Semirreboque que tinha desaparecido das instalações da Polícia Judiciária em 2025 foi localizado numa empresa de construção de Barcelos. PJ abriu um inquérito para apurar como o veículo saiu das suas instalações.
Um atrelado apreendido pela Polícia Judiciária (PJ) no âmbito de uma operação de combate ao tráfico de droga, que desapareceu das instalações da instituição em 2025, foi localizado esta semana nas instalações de uma empresa de construção civil em Barcelos, originando um novo episódio da polémica que envolve o ministro da Administração Interna, Luís Neves.
A informação foi avançada pelo SOL, TVI e CNN Portugal e está agora a ser investigada pela própria Polícia Judiciária.
Atrelado desapareceu das instalações da PJ
De acordo com a investigação jornalística, o semirreboque encontrava-se apreendido desde 2024 nas instalações da Polícia Judiciária, no Seixal, distrito de Setúbal.
Contudo, em 2025, o veículo terá desaparecido sem explicação das instalações policiais.
Esta semana, a PJ localizou novamente o atrelado, desta vez a cerca de 350 quilómetros de distância, nas instalações da empresa Construbarcelos, no concelho de Barcelos, tendo procedido à sua apreensão.
Veículo estava acoplado a camião de empresa de Barcelos
Segundo as mesmas informações, o atrelado encontrava-se acoplado a um camião pertencente à Construbarcelos, empresa liderada pelo empresário João Carvalho.
A empresa tem sido referida por manter relações comerciais com a Polícia Judiciária, tendo celebrado, segundo a investigação, 17 contratos com a instituição, num valor global de aproximadamente 2,3 milhões de euros.

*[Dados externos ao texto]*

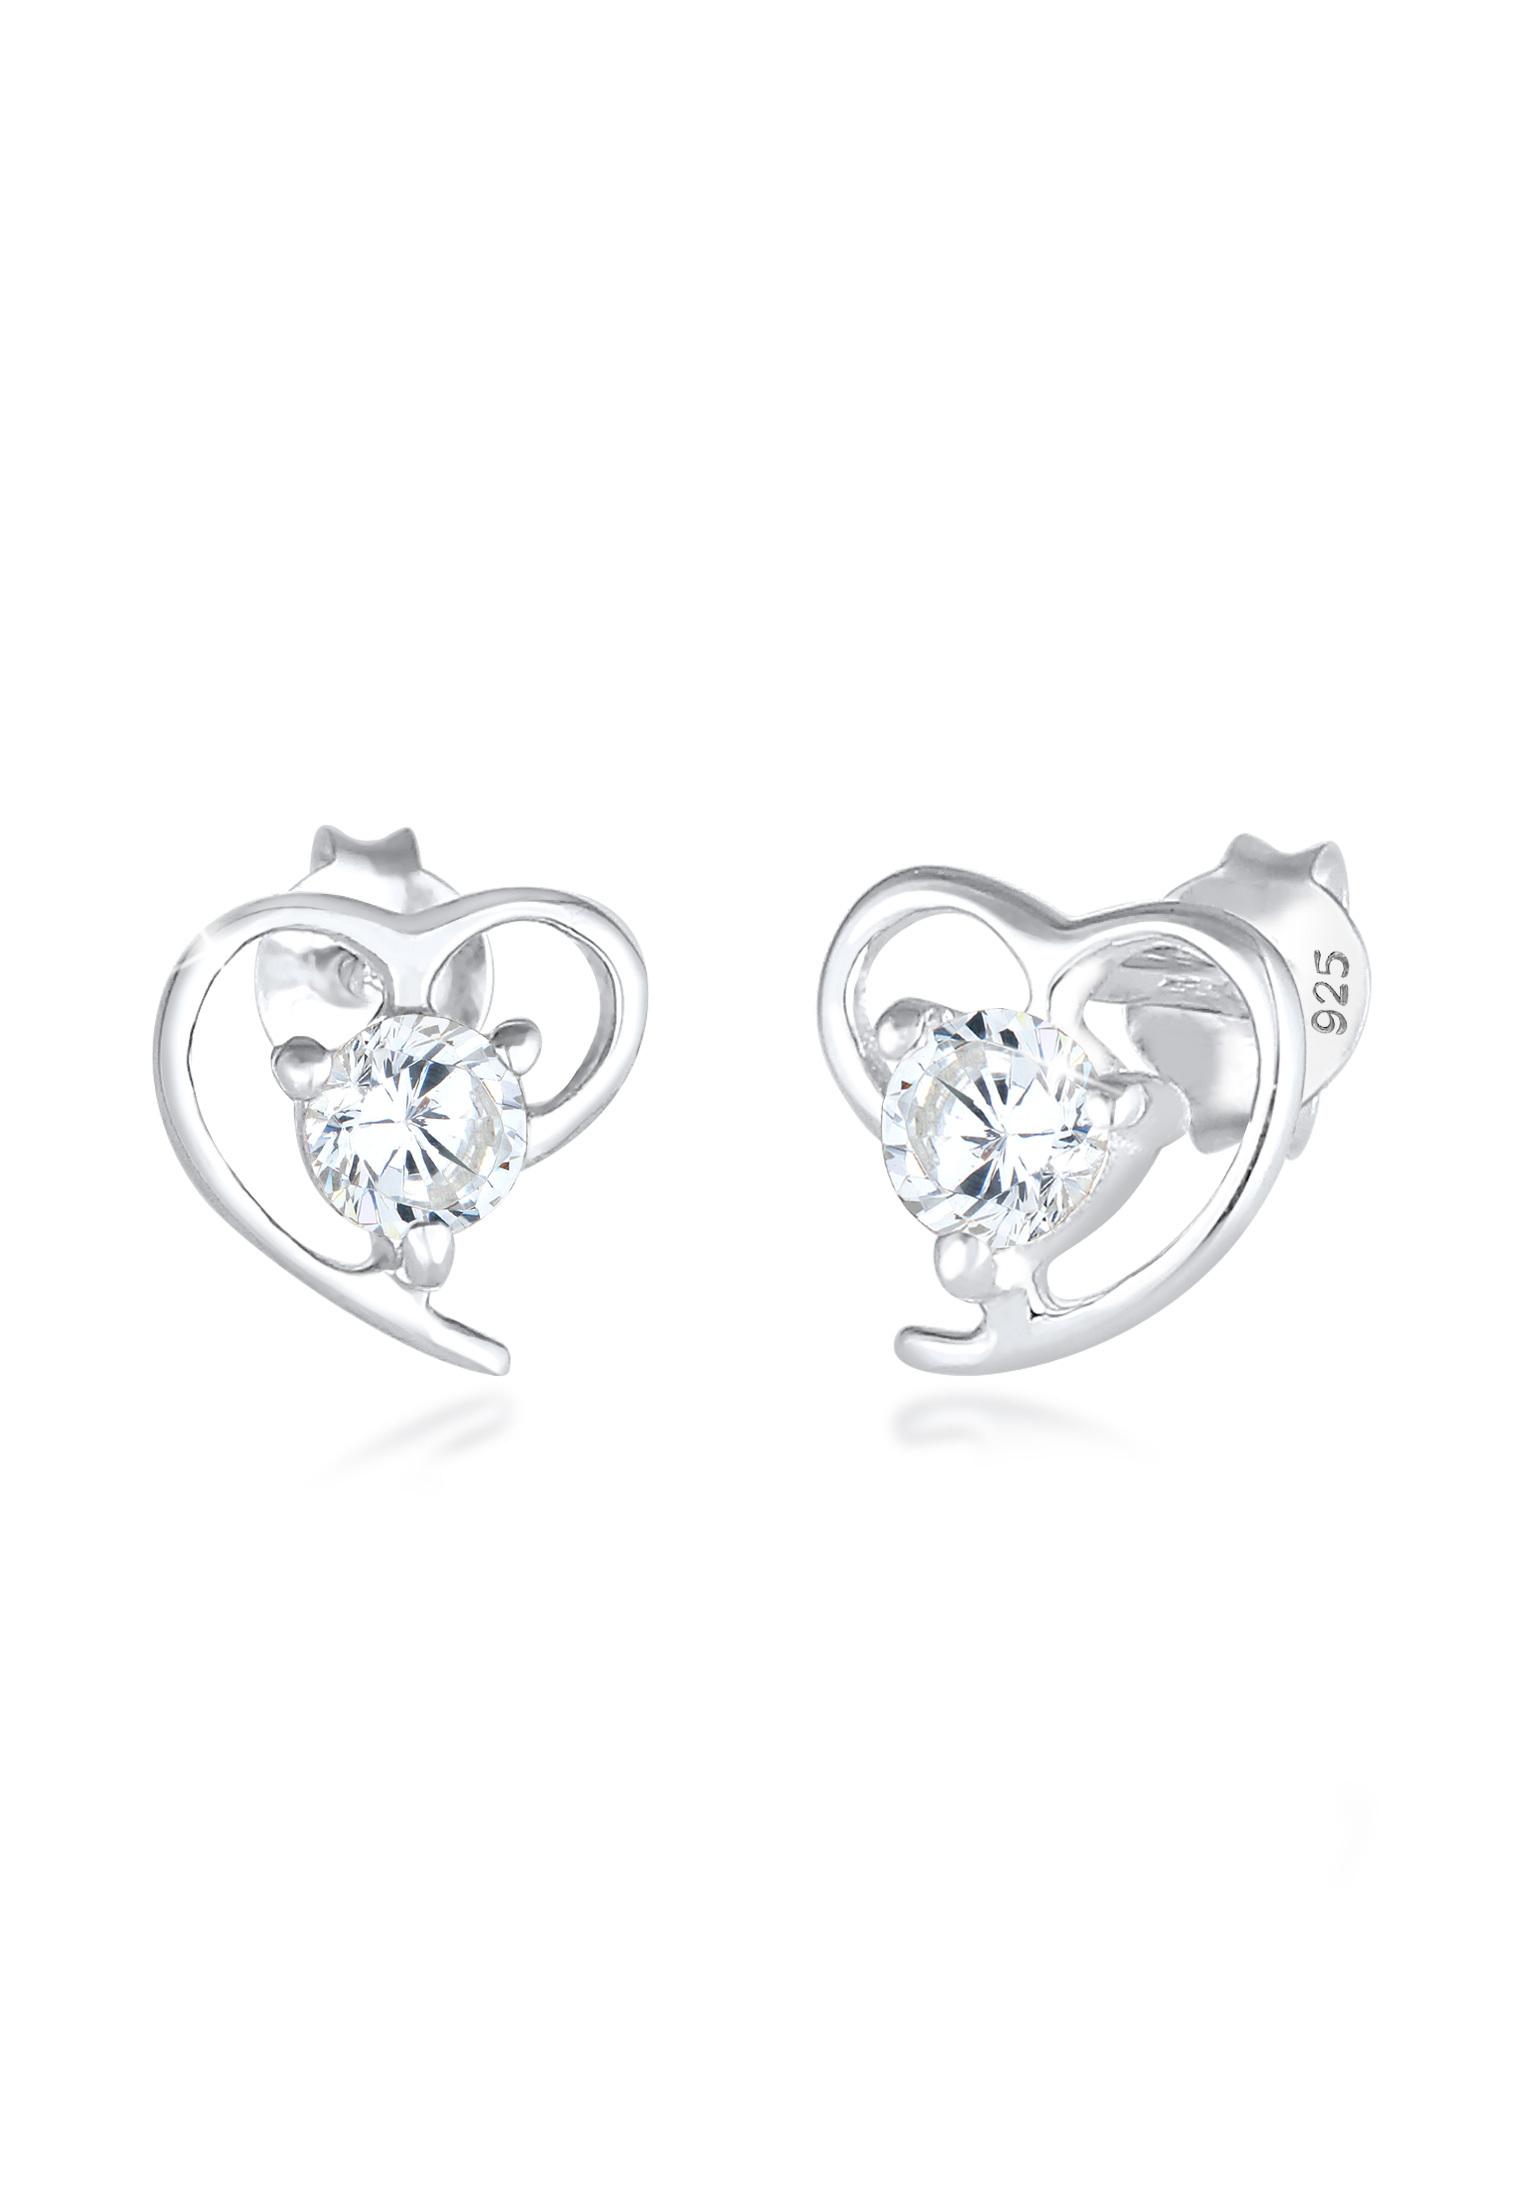 Ohrstecker Herz | Zirkonia ( Weiß ) | 925er Sterling Silber

A mesma empresa está igualmente a realizar obras em propriedades pertencentes ao atual ministro da Administração Interna, Luís Neves, no Alentejo.
PJ abre inquérito interno
Fonte ligada à Direção Nacional da Polícia Judiciária confirmou a recuperação do atrelado e a abertura de um inquérito interno destinado a esclarecer como um bem apreendido pela PJ saiu das suas instalações e acabou nas instalações da empresa de Barcelos.

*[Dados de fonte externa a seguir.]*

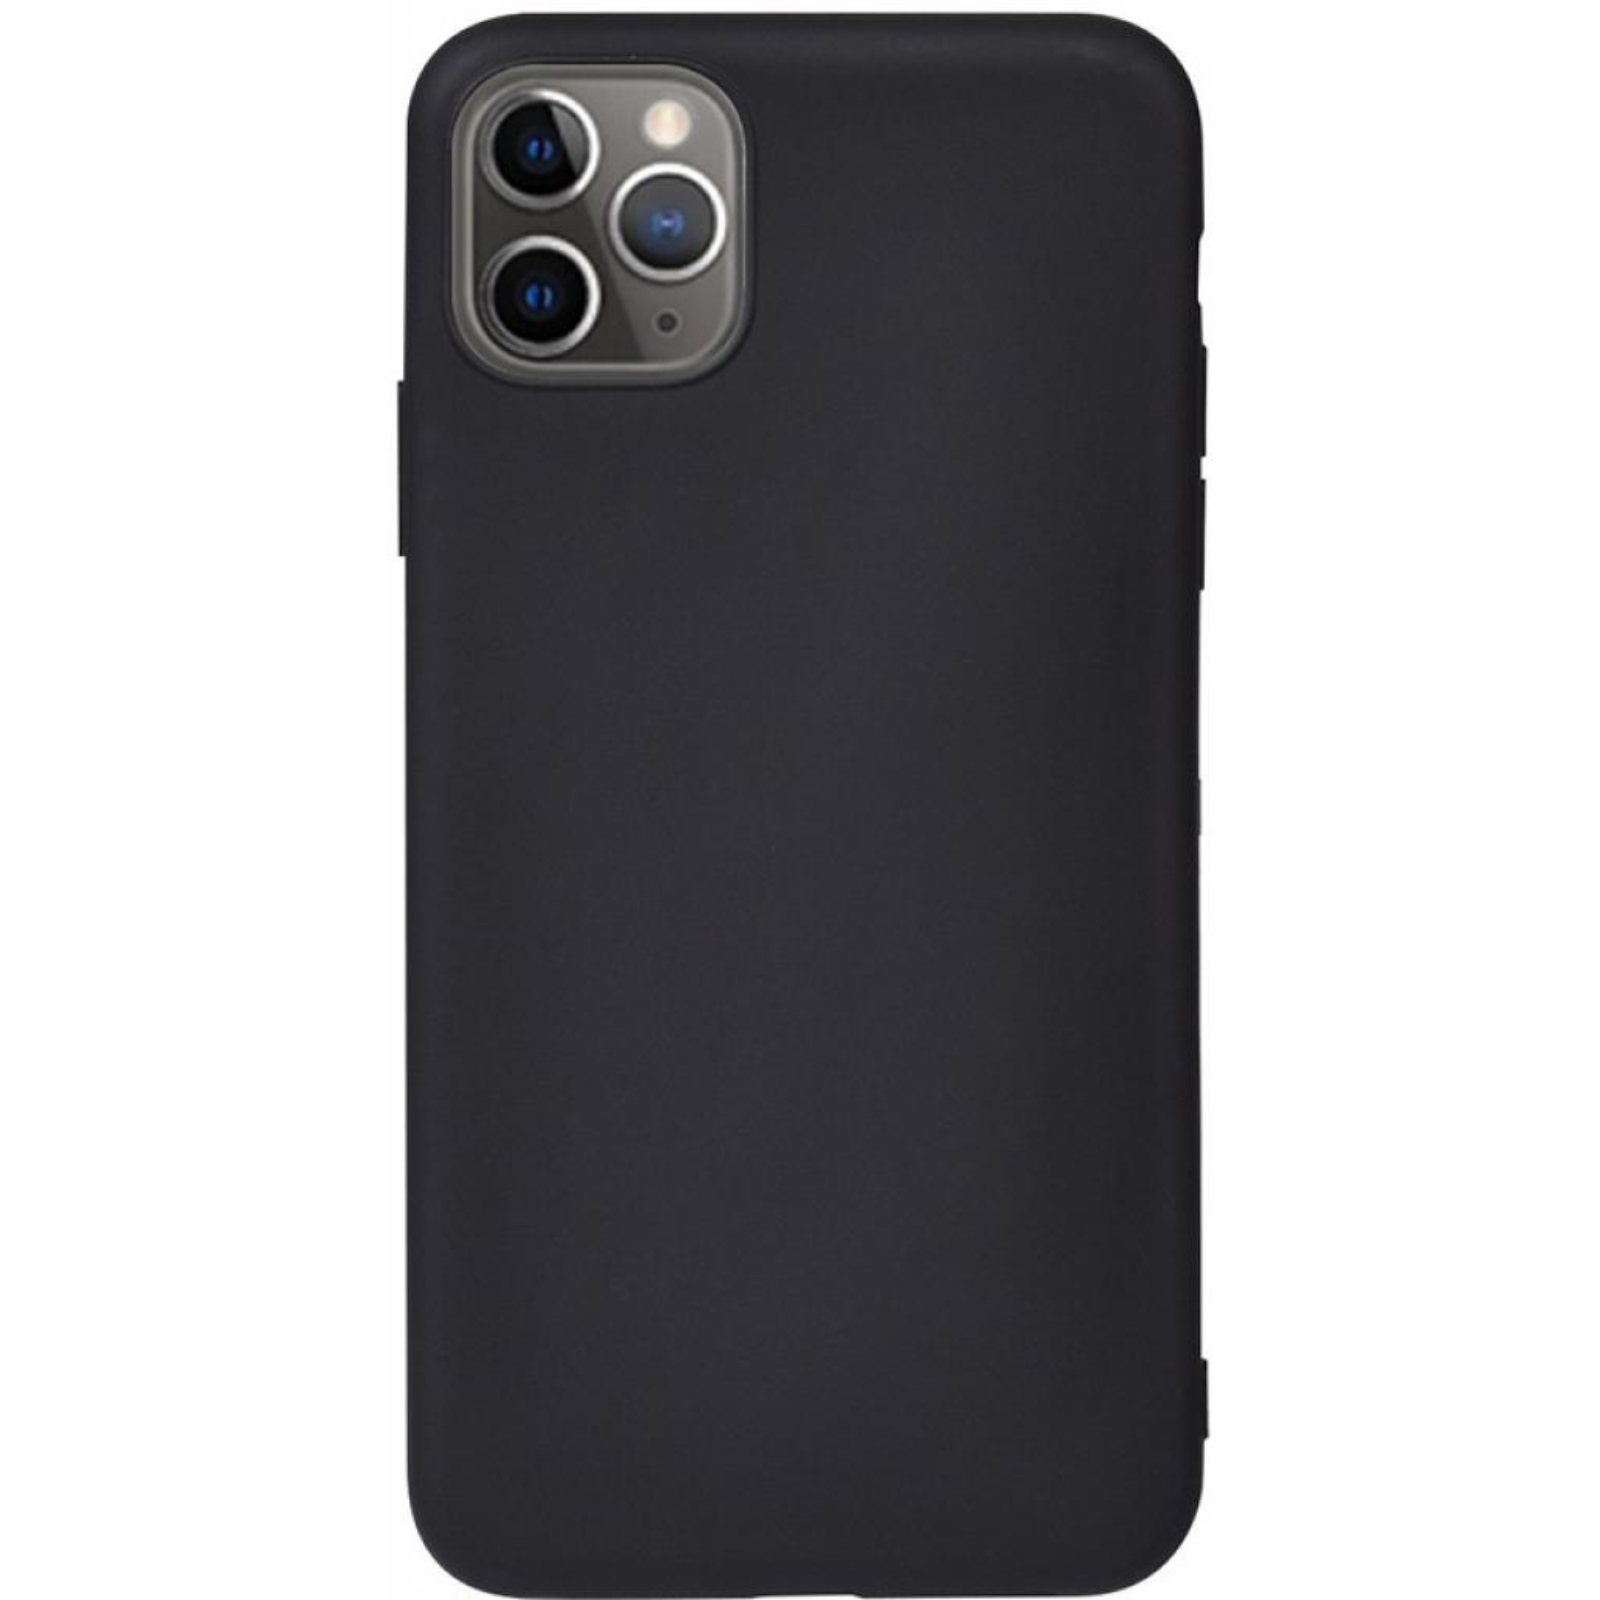 Чехол для моб. телефона Toto 1mm Matt TPU Case Apple iPhone 11 Pro Black (F_102352)

A investigação pretende apurar todas as circunstâncias relacionadas com o desaparecimento e posterior localização do veículo.
Caso remonta ao período em que Luís Neves dirigia a PJ
Os factos em investigação remontam ao período em que Luís Neves exercia funções como diretor nacional da Polícia Judiciária, antes de assumir o cargo de ministro da Administração Interna.
Até ao momento, não foi divulgada qualquer conclusão da investigação nem existem acusações relacionadas com este caso.
O inquérito agora aberto deverá determinar as responsabilidades pelo desaparecimento do atrelado e esclarecer de que forma o veículo foi parar às instalações da empresa de construção sediada em Barcelos.